After the nano editor has been opened, write out the below code of C language in it to use the readv system call in our Linux system. First of all, we have used the below libraries in the C code to be work properly and without any error. Then we have declared the main function as shown in the snap. At the very start of the main function, we have to define two variables, “i”, and “fd”. After that, three-character type arrays or less have been specified named “f1”, “f2”, and “f3”. After this, we have declared a structure type list or array named “iovec”. Every iovec structure defines a fragment, which would be an individual disjoint buffer. Then we have created another variable of type size named “nr”. After all the declarations, we have specified a simple “open” system call to open the file “test.txt” from its director and read all its contents, and revert to the file descriptor “fd”. The flag O_RDONLY has been used for reading purposes. On the next line, we have declared an “if” statement to check whether the file descriptor is equaled to “-a” or not. If it is “-1”, it will through an error message “open” in the shell and return 1. Outside of the “if” statement, we have used the file descriptors to assign values to the structure indexes. The “iov.base” is a pointer showing the start of a buffer, and the “iov.len” is showing the total size of the buffer in bytes. A vector seems to be a collection of sections. Each section of the vector specifies the location and size of a buffer cache upon which or as of what data can be inscribed or read. Beforehand moving on to the subsequent buffer, the readv() method fully covers every one of the “iov_len” bytes buffers. Before actually moving on to another buffer cache, the writev() method still inscribes out the entire “iov_len” bytes. Beginning with iov[0], formerly iov[1], and so forth, via iov[count-1], both operations still act on the sections in order. After it, we have declared a “readv” system call to read the file descriptor and “iov” byte buffers up to the size of 3.

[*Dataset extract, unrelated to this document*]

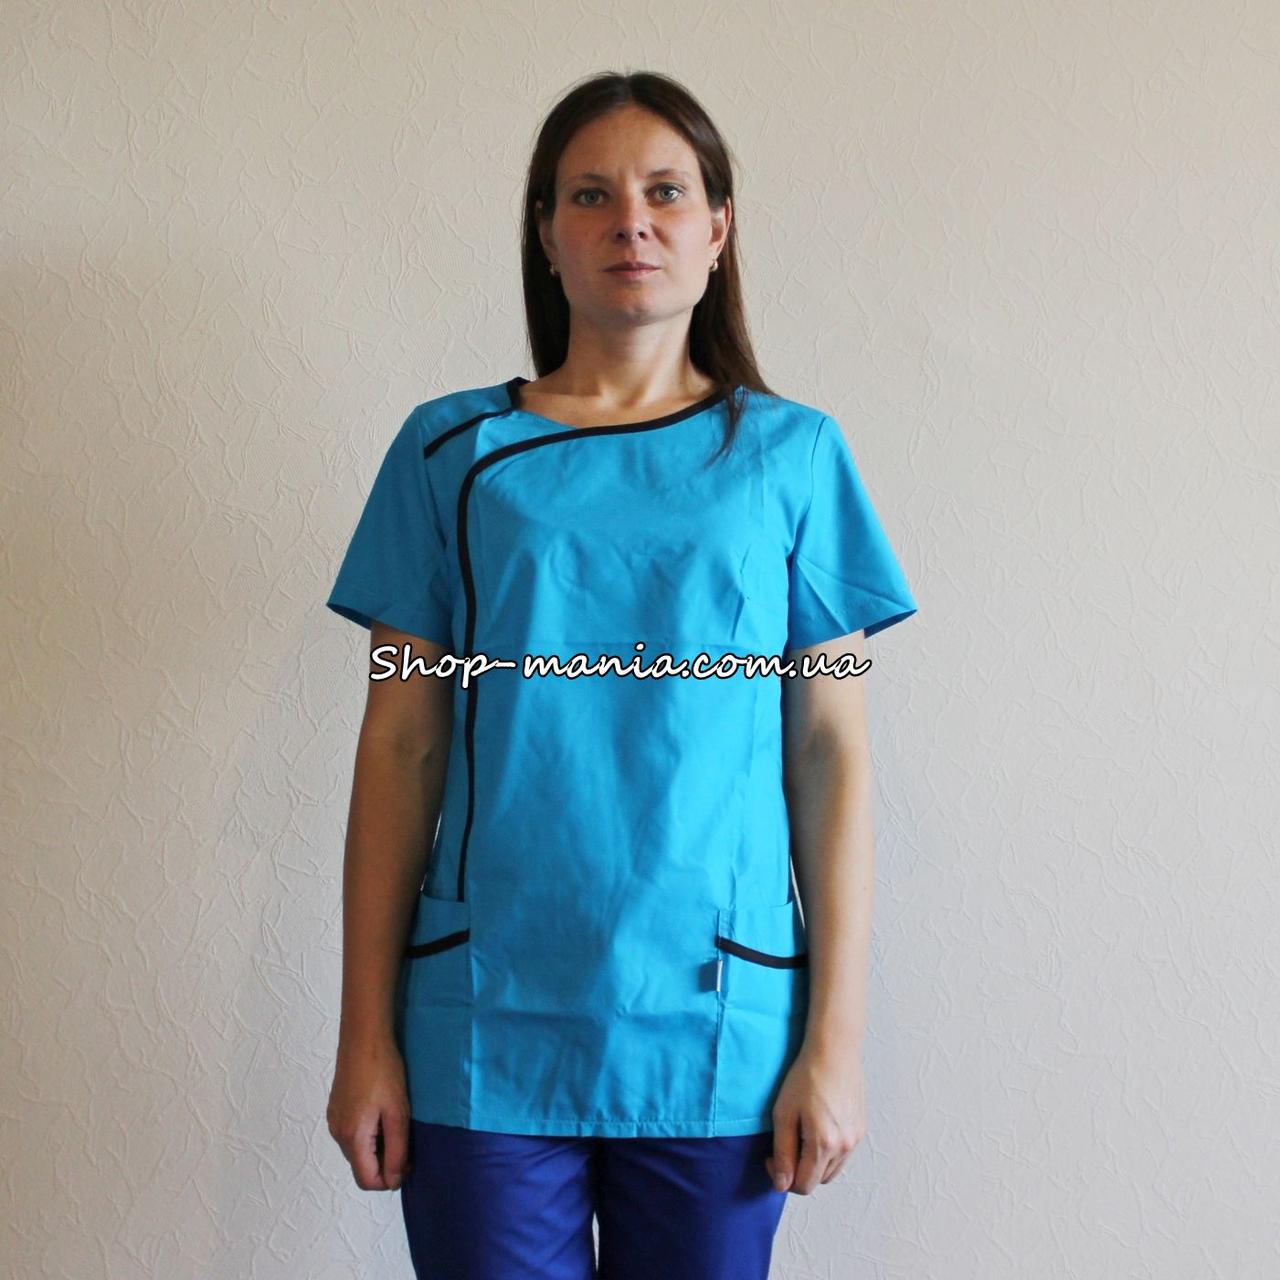 

Женская медицинская куртка SM 1014-7 Odri 40-50p (бирюза-черный) 48, Бирюзовый

Then we have checked the returned bytes. If the return value is “-1”, it will show an error message “readv”. We have used the “for” loop to print the file characters via “iov”. If the function has been closed, It will display “close”. Save this code using “Ctrl+S” and quit the file using the “Ctrl+X” shortcut method.

Now compile the code using the gcc command as stated below.

$ gcc test.c

After that, run the execution command to check the results. The output below is showing the contents in chunks and showing the error messages as well. It is also showing the index number for the buffer array as 0, 1, and 2.

$ ./a.out

Conclusion

We have finished all the essential parts to intricate the “readv” system call in the Ubuntu 20.04 Linux system. All the commands will work the same for other Linux distributions.

About the author

Aqsa Yasin

I am a self-motivated information technology professional with a passion for writing. I am a technical writer and love to write for all Linux flavors and Windows.